When you play a game, how do you play it? Monopoly or Settlers of Catan around the dining table? Mario Kart on your Nintendo Switch? Assassin’s Creed on your Xbox? Among Us on your phone? Usually, they are games with a physical form, a console or an app. Artie is gearing up to shake up the games industry with another option, bringing high-end games back to the browser. The advantages are obvious: No apps to download, and you can launch straight into a game from a link-in-bio, whether from TikTok, Instagram or, well, wherever you can find links. Also: Sidestepping the apps means not paying Apple the in-app purchase finder’s fee for transactions.
“We realized that with 5G, device maturity and the GPUs we could access through the browser, you don’t actually need to download a game to run a high-quality game anymore,” explains Ryan Horrigan, Artie’s co-founder and CEO, in an interview with TechCrunch. “We thought, is there a way to do something that isn’t pure client side… is there a way we can leverage Unreal or Unity, and do some sort of elegant asset streaming and optimization where we’re kind of streaming data from the cloud, but we’re rendering locally on your device?”
Yes, there is a way of doing it, it turns out, and that’s the market Artie is taking a leap into. The company refers to it as “over-the-top game streaming.”
“The idea being I’m in my TikTok feed where I see an influencer or an ad, and I click a link. I play the game instantly in the pop-up browser and TikTok, but then I have two choices,” says Horrigan. “I can either follow the game there and return (akin to Farmville back in the day and Facebook) and go back to social to play, or I can save a bookmark or a progressive web app to my phone screen and have a pseudo-app at my finger tips.”
Being a progressive web app makes it indistinguishable from an app, but has the benefits of being discoverable in a multitude of ways, particularly via social media, and not having to be downloaded. TikTok and Instagram are now the equivalents of an old-fashioned arcade.
“I used to play at the arcade as a kid,” says Horrigan. “What if the modern arcade is just TikTok or Instagram? We’ve been saying that we’re trying to build the game console of the future on social media, which is maybe a weird thing to say. But if you think about it, a console was hardware. Then more recently, it’s been software, like with Steam on the PC, or the Epic game store. But, there isn’t really the equivalent of those on mobile, because there hasn’t been the access point to reach players.”

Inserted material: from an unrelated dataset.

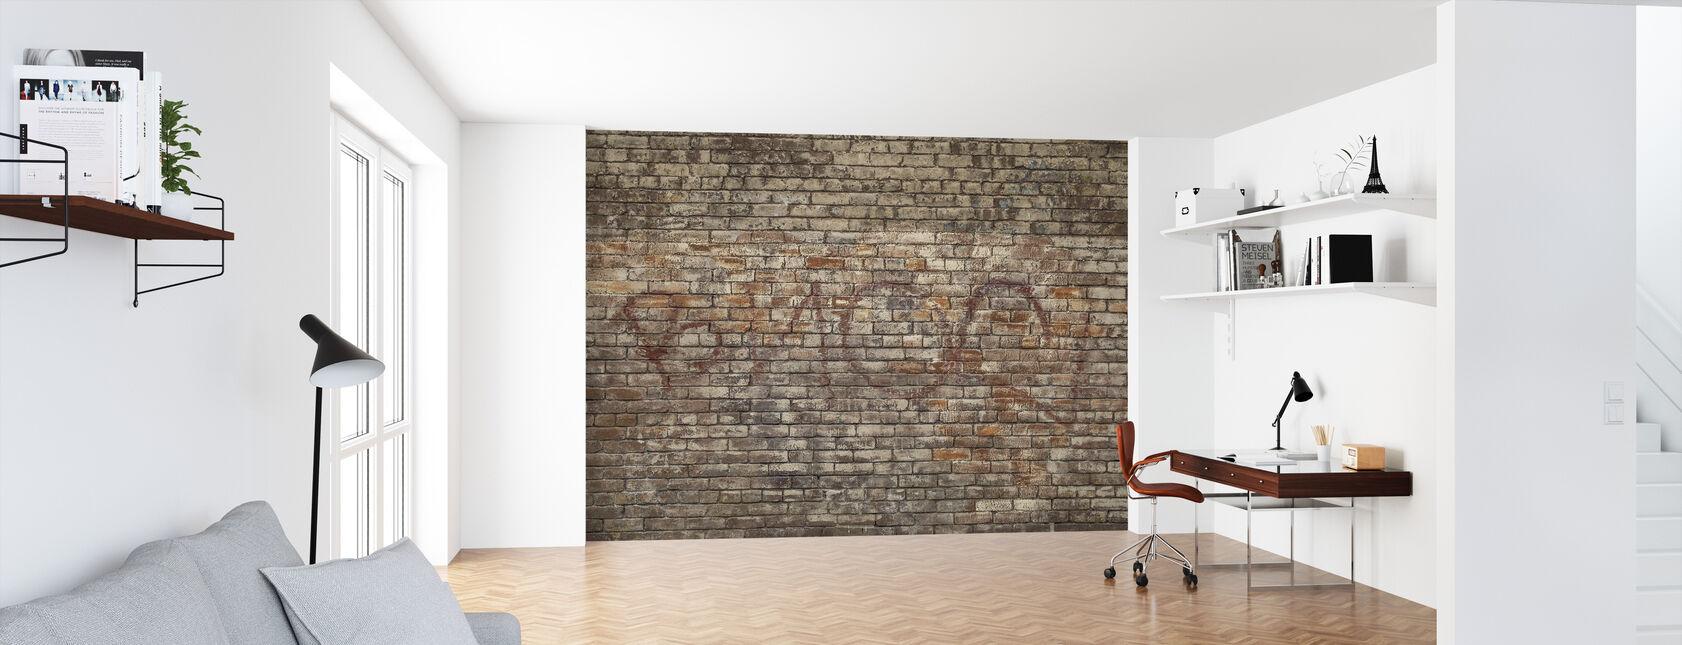 Tegelvägg Graffiti - Tapet - Kontor

Reaching players through social media, obviating app stores and rendering on the client side makes sense for both gamers and developers, Artie believes. Without having to pay app store fees or cloud rendering costs it provides developers with the financial ability to make new games that appeal to different markets.
“We can afford to have a different sized audience,” says Horrigan. He maybe right, and if that means a wider variety of games for wider audiences, available without the friction apps (and in-app purchases) add to the experience, that may just turn out to be a win all around.